Graphic novels might have a reputation for frivolity, but they also have been proven to be very good for dealing serious topics that require the kind of creativity offered to deal with trauma. Art Spiegelman's Maus
and Joe Sacco's Safe Area Goražde
both look at people and places of war, and their combination of words and images have proven powerful and successful. The animated documentary Waltz with Bashir
extended our idea of how a true story could be told. Tomás Lunák's feature film debut Alois Nebel
is not a documentary, but it is an adaptation of a graphic novel, and is based around real trauma. Animation does not have to be Disney or Pixar; as this film proves, it can be just, if not more, haunting and effective in its delivery.
Alois is a taciturn train station manager working in a small town on the Czech-Polish border in the late 1980s. As the film begins, the iron curtain is beginning to fall, and memories of childhood, the fall of said curtain across Europe, and the traumatic effect it had on Alois come flooding back. Meanwhile, a mute man running through the woods is captured, and Alois finds himself in a mental institution with said man, trying to sort through the fog of his mind. After Alois is released and he is left jobless and alone, he tries to find meaning again.
The film feels like a strange version of a European art film, concentrating on character development as oppose to cause-and-effect narration. By using black-and-white rotoscoping animation, this concentration on character is heightened, as the animation allows the audience to be inside Alois and see the world as he does, through the filters of his mind. There is a great melancholy in the grey tones, and in Alois' world it seems to always be either raining or snowing. For a man whose life revolves around the regularity of train schedules, the surreality of the animation adds to the confusion of his past and the uncertainty of his present and future.

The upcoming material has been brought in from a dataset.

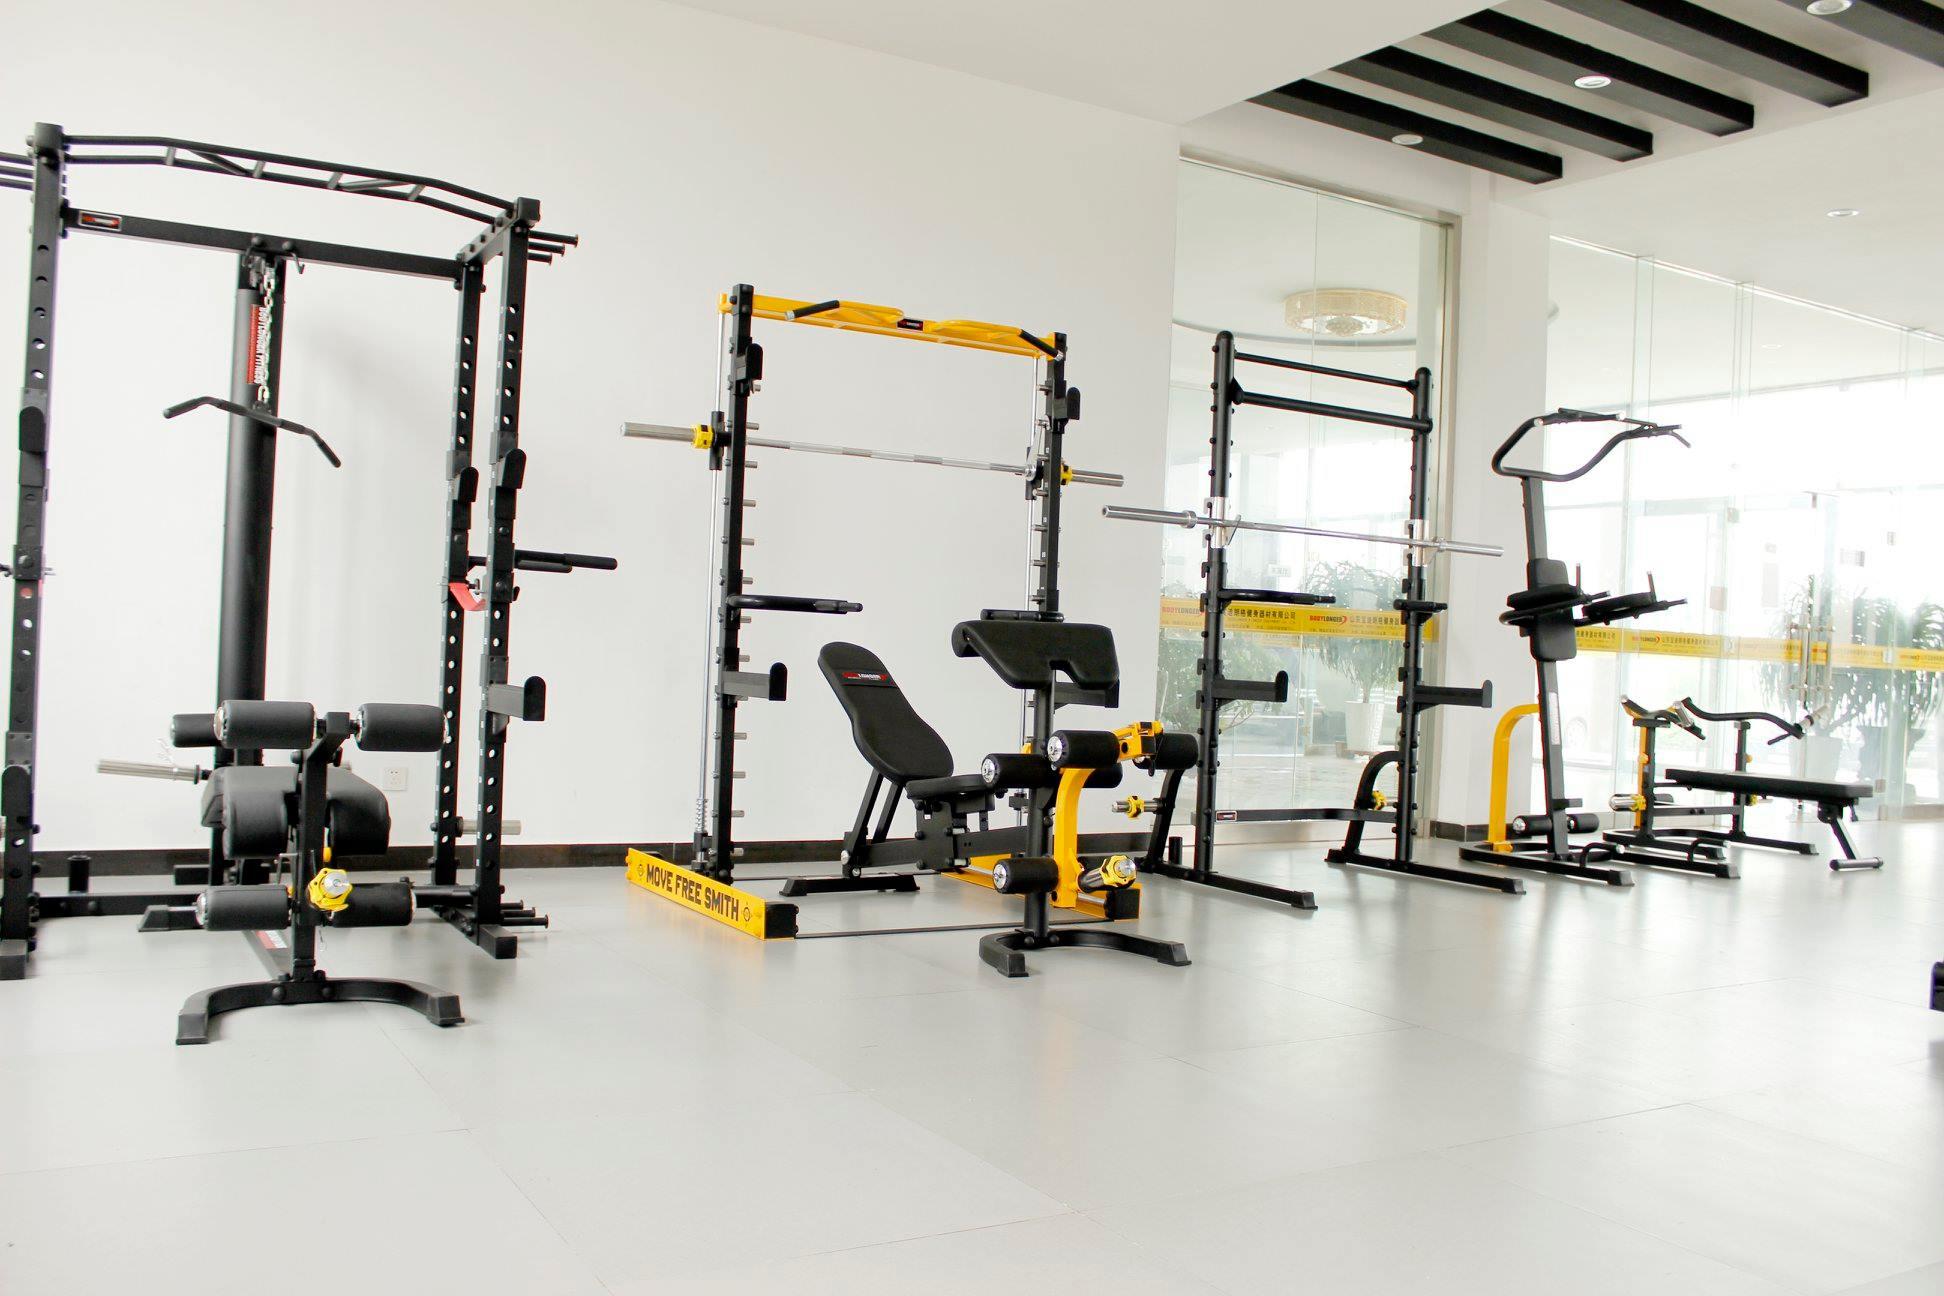 Giàn tập gym chất lượng

Another effect of the animation is a kind of neutrality of character that allows the audience to feel a part of the story. The less defined it is, the more a viewer can see themselves in the various characters and settings. And while the lack of color and the mystery of the mute man gives the film something of a noir film, it runs much deeper and leans more towards a German-style expressionism. Even the inanimate objects take on a strange life. This life, though, is sad and bleak. The lives of most of the characters are miserable enough that you are shocked at the joy they can find in small things. But they must, and that is the hope of the film. In this place and time, joy must be found in the small things and moments.
The bleakness of the story is somewhat nullified by the quality of the animation; the rotoscoping matches its graphic novel origins. This is not surprising, considering that Lunák has a background in directing animated music videos, and one of the novel's authors, Jaromír 99, was in charge of art direction. And this kind of story lends itself to this mode of storytelling. It is a self-contained metaphor, a dark fable, and it is in fables that we find the saddest truths.